There is a negative correlation with slope (as expected), a positive correlation with the mass-flux (oggm_mb_above_z), and a slight positive correlation with the distance from the glacier boundaries.

Method 2: aggregated per grid point

There are so many points that much of the information obtained by OGGM is interpolated. A way to deal with this is to aggregate all the measurement points per grid point and to average them. Let’s do this:

df_agg = df[['lon', 'lat', 'thick']].copy()
ii, jj = gdir.grid.transform(df['lon'], df['lat'], crs=salem.wgs84, nearest=True)
df_agg['i'] = ii
df_agg['j'] = jj
# We trick by creating an index of similar i's and j's
df_agg['ij'] = ['{:04d}_{:04d}'.format(i, j) for i, j in zip(ii, jj)]
df_agg = df_agg.groupby('ij').mean()
# Conversion does not preserve ints
df_agg['i'] = df_agg['i'].astype(int)
df_agg['j'] = df_agg['j'].astype(int)
# Select
for vn in vns:
    df_agg[vn] = ds[vn].isel(x=('z', df_agg['i']), y=('z', df_agg['j']))

We now have 9 times less points, but the main features of the data remain unchanged:

f, (ax1, ax2, ax3) = plt.subplots(1, 3, figsize=(16, 5))
df_agg.plot.scatter(x='dis_from_border', y='thick', ax=ax1);
df_agg.plot.scatter(x='slope', y='thick', ax=ax2);
df_agg.plot.scatter(x='oggm_mb_above_z', y='thick', ax=ax3);

Build a statistical model

Let’s use scikit-learn to build a very simple linear model of ice-thickness. First, we have to acknowledge that there is a correlation between many of the explanatory variables we will use:

import seaborn as sns
plt.figure(figsize=(10, 8));
sns.heatmap(df.corr(), cmap='RdBu');

This is a problem for linear regression models, which cannot deal well with correlated explanatory variables.
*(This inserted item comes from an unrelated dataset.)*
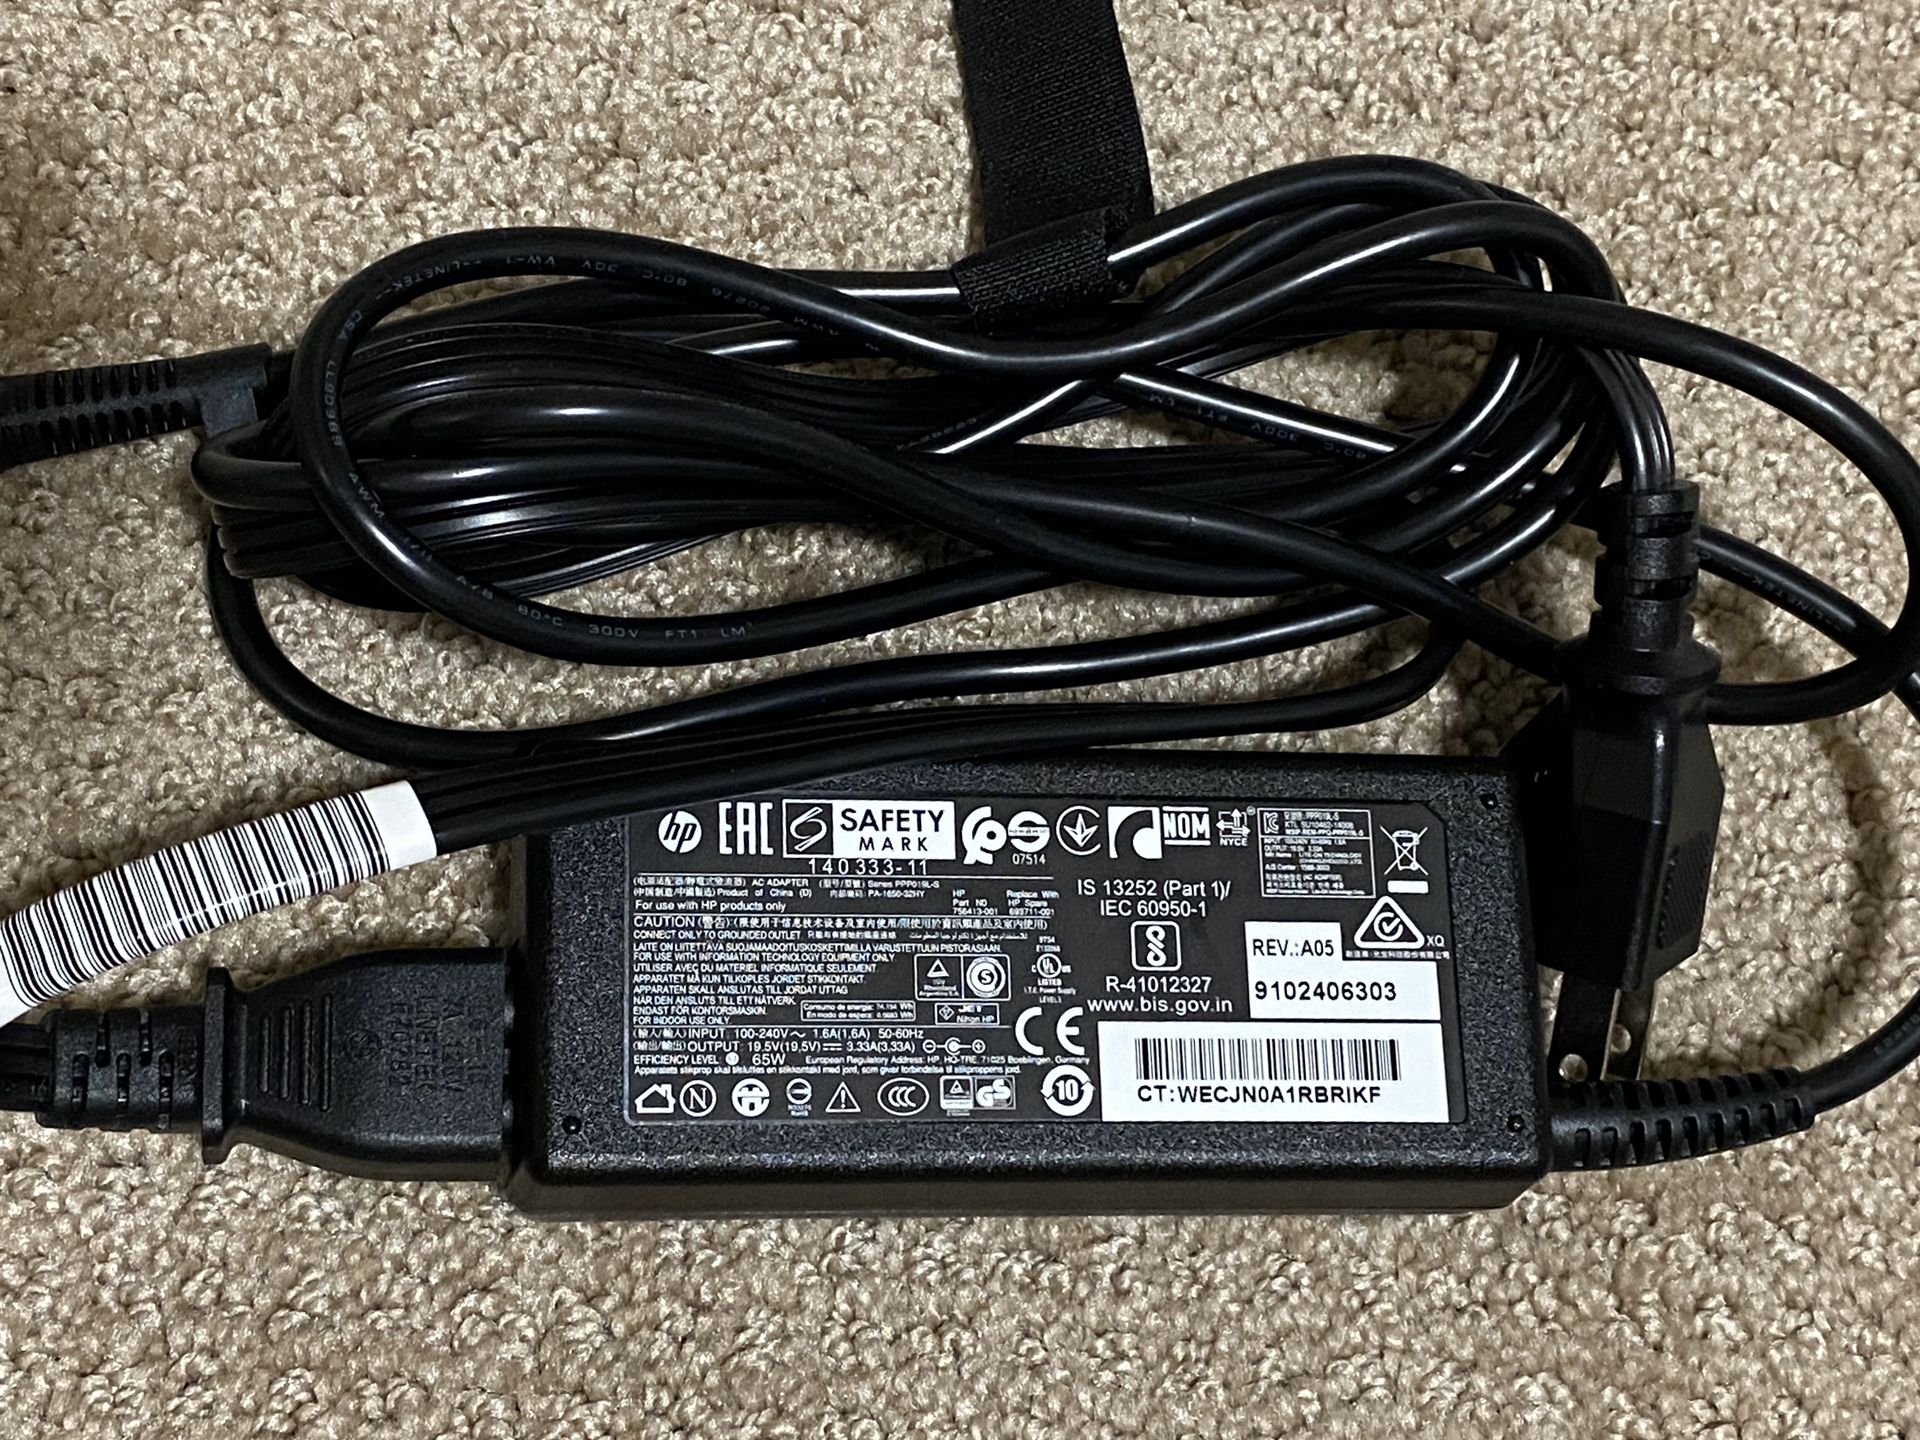 HP 65w laptop charger.

We have to do a so-called “feature selection”, i.e. keep only the variables which are independently important to explain the outcome.
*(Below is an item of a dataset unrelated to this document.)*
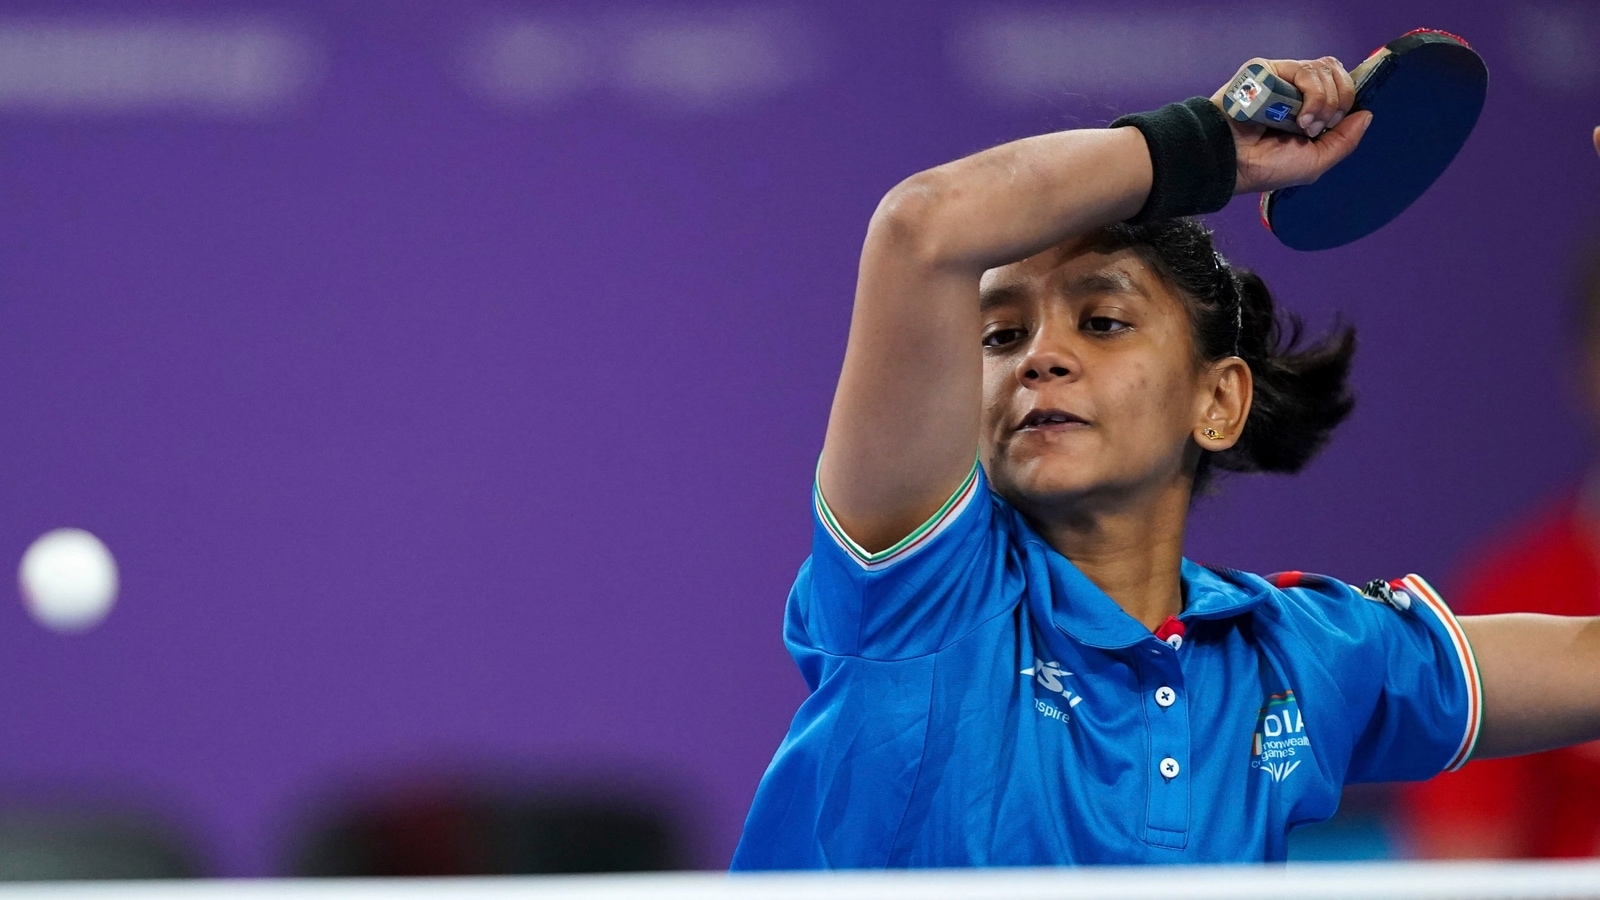 table-tennis-star-sreeja-akula-deprived-of-prize-money-since-her-victories-in-april

For the sake of simplicity, let’s use the Lasso method to help us out:

import warnings
warnings.filterwarnings("ignore")  # sklearn sends a lot of warnings
# Scikit learn (can be installed e.g. via conda install -c anaconda scikit-learn)
from sklearn.linear_model import LassoCV
from sklearn.model_selection import KFold
# Prepare our data
df = df.dropna()
# Variable to model
target = df['thick']
# Predictors - remove x and y (redundant with lon lat)
# Normalize it in order to be able to compare the factors
data = df.drop(['thick', 'x', 'y'], axis=1).copy()
data_mean = data.mean()
data_std = data.std()
data = (data - data_mean) / data_std
# Use cross-validation to select the regularization parameter
lasso_cv = LassoCV(cv=5, random_state=0)
lasso_cv.fit(data.values, target.values)
LassoCV(cv=5, random_state=0)

We now have a statistical model trained on the full dataset. Let’s see how it compares to the calibration data:

odf = df.copy()
odf['thick_predicted'] = lasso_cv.predict(data.values)
f, ax = plt.subplots(figsize=(6, 6));
odf.plot.scatter(x='thick', y='thick_predicted', ax=ax);
plt.xlim([-25, 220]);
plt.ylim([-25, 220]);

Not so well. It is doing OK for low thicknesses, but high thickness are strongly underestimated. Which explanatory variables did the model choose as being the most important?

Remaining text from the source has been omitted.